*What the task asks*.
Without reproducing any image, print the listing below exactly.

*Provided data*.
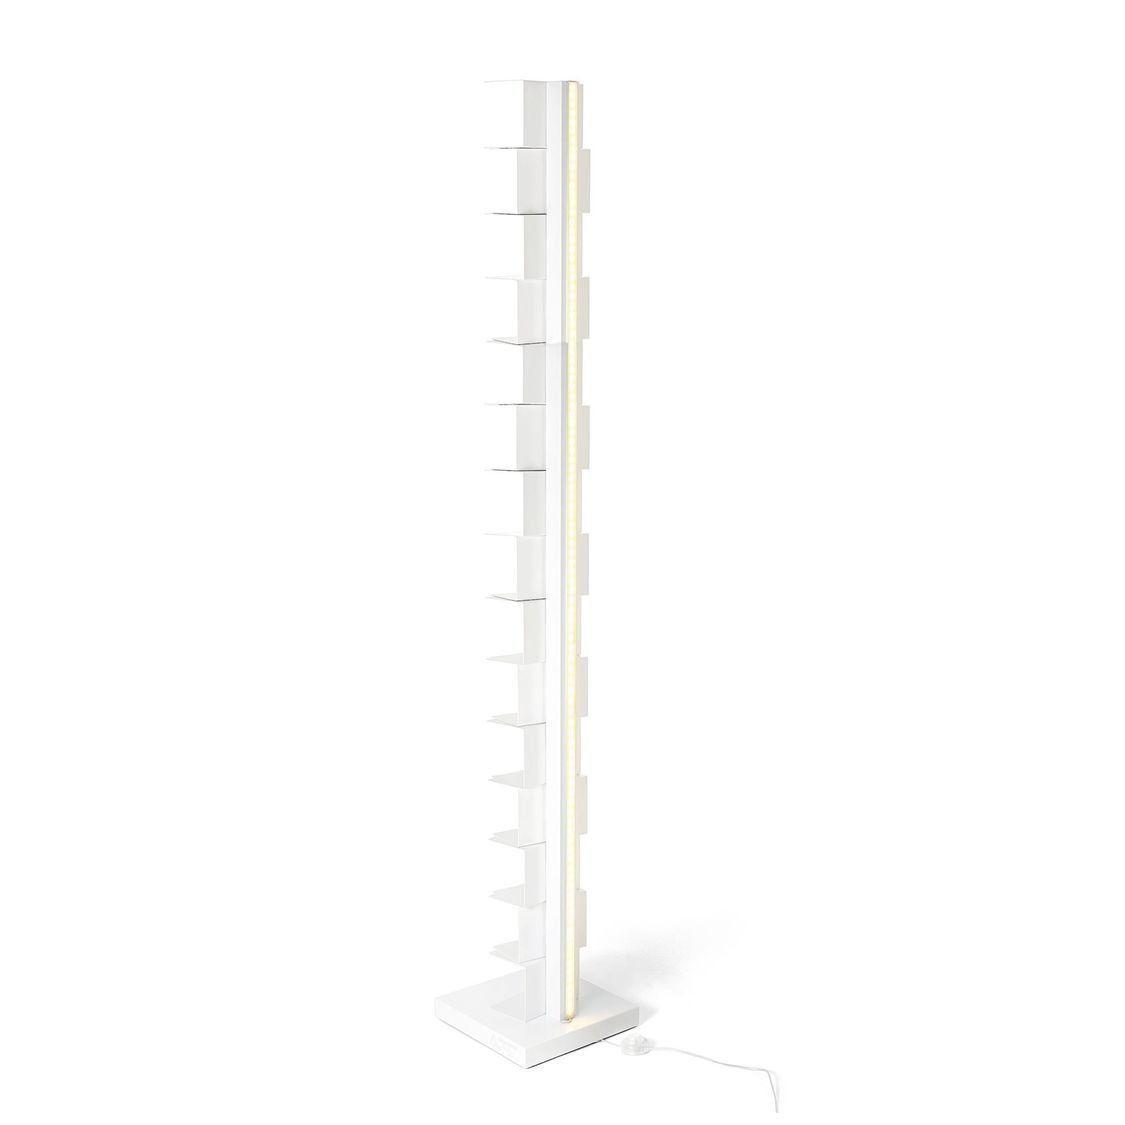 opinion ciatti ptolomeo luce 215 biblioth que colonne led ambientedirect. Black Bedroom Furniture Sets. Home Design Ideas
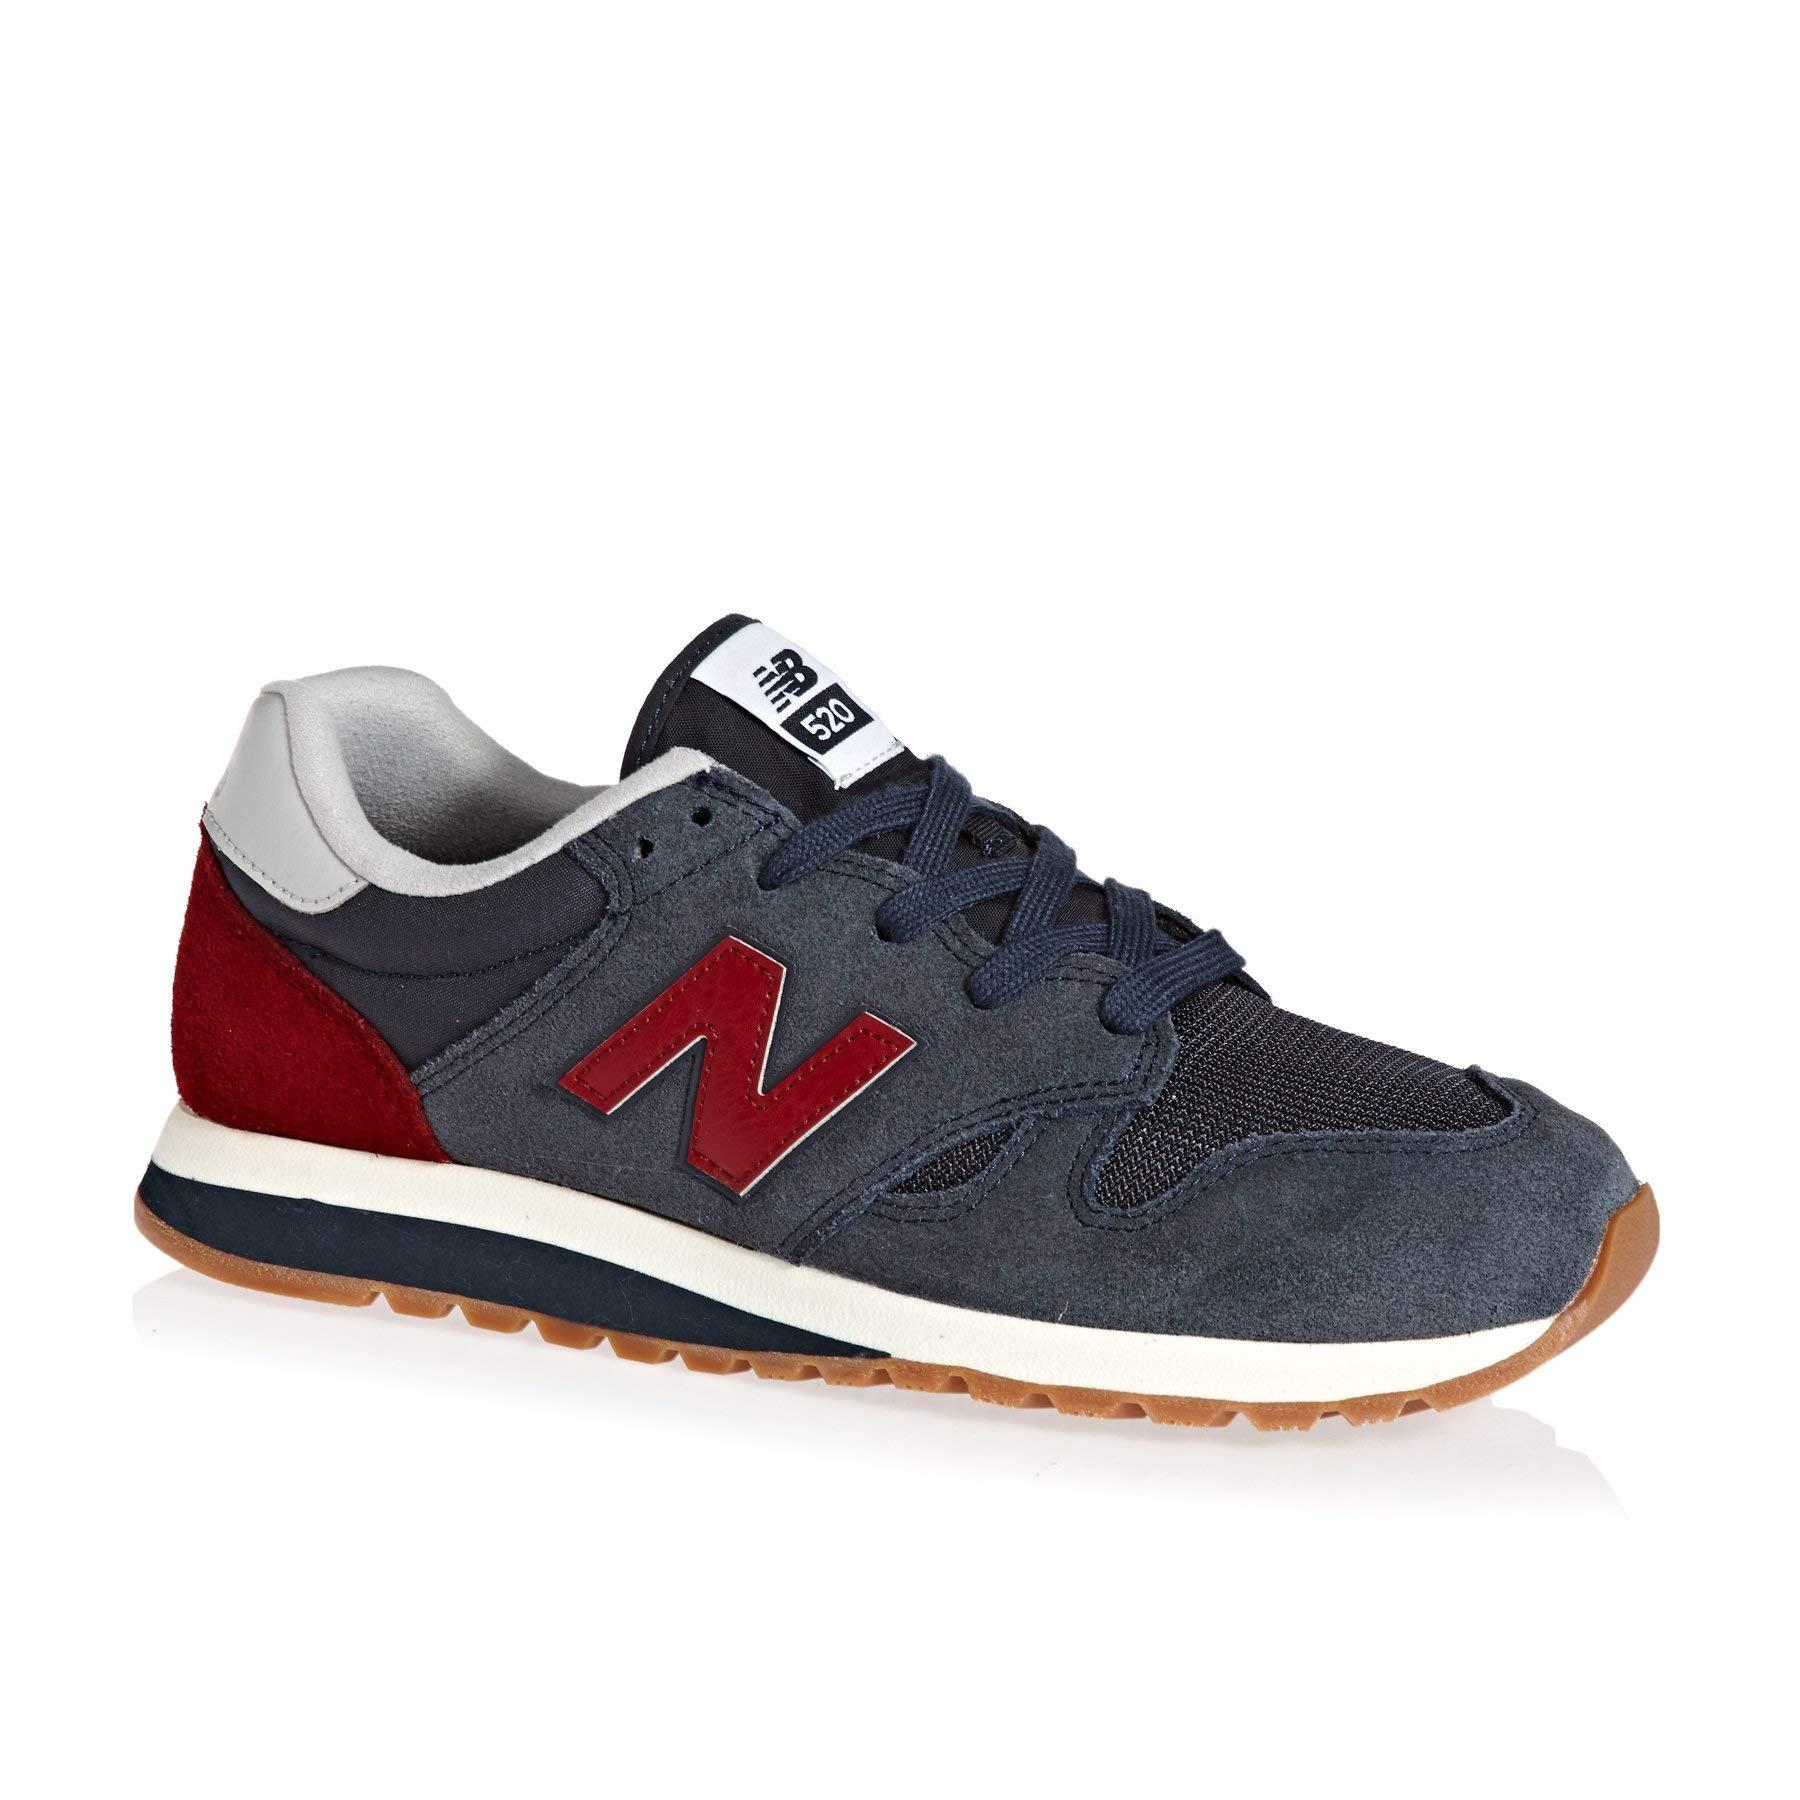 New Balance Men's 520v1 Sneaker, Outer Space, 8.5 D US
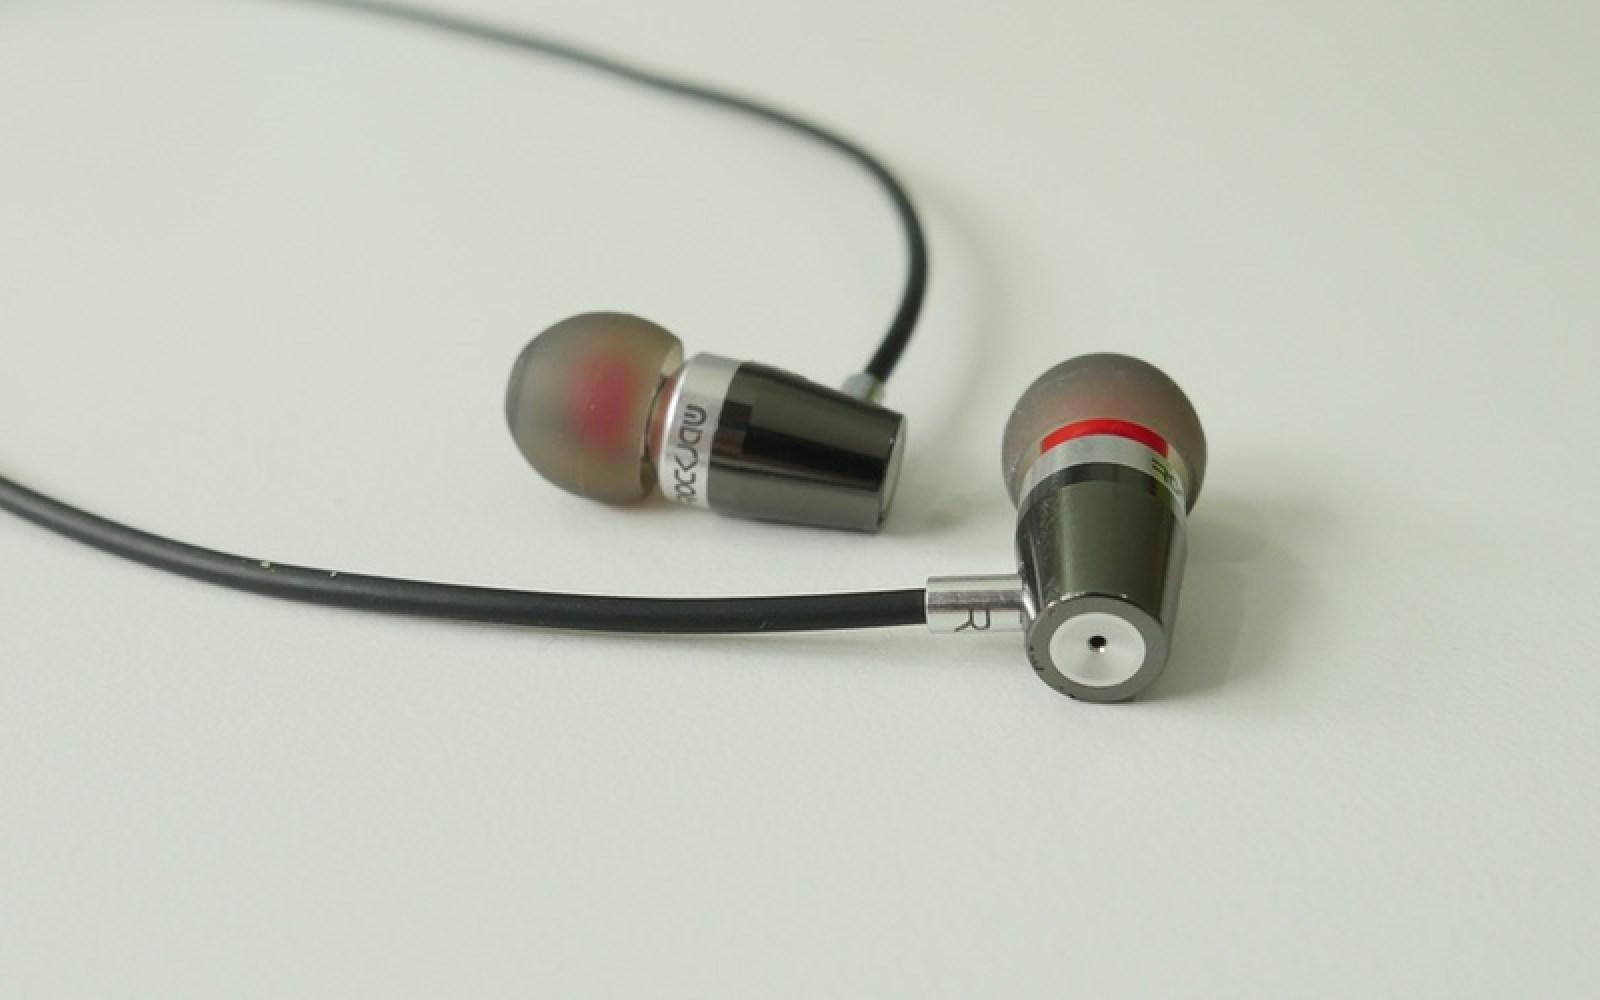 Review: Rock Jaw Alfa Genus V2, audiophile-grade earphones on a budget

*Completed task*.
 opinion ciatti ptolomeo luce 215 biblioth que colonne led ambientedirect. Black Bedroom Furniture Sets. Home Design Ideas
 New Balance Men's 520v1 Sneaker, Outer Space, 8.5 D US
 Review: Rock Jaw Alfa Genus V2, audiophile-grade earphones on a budget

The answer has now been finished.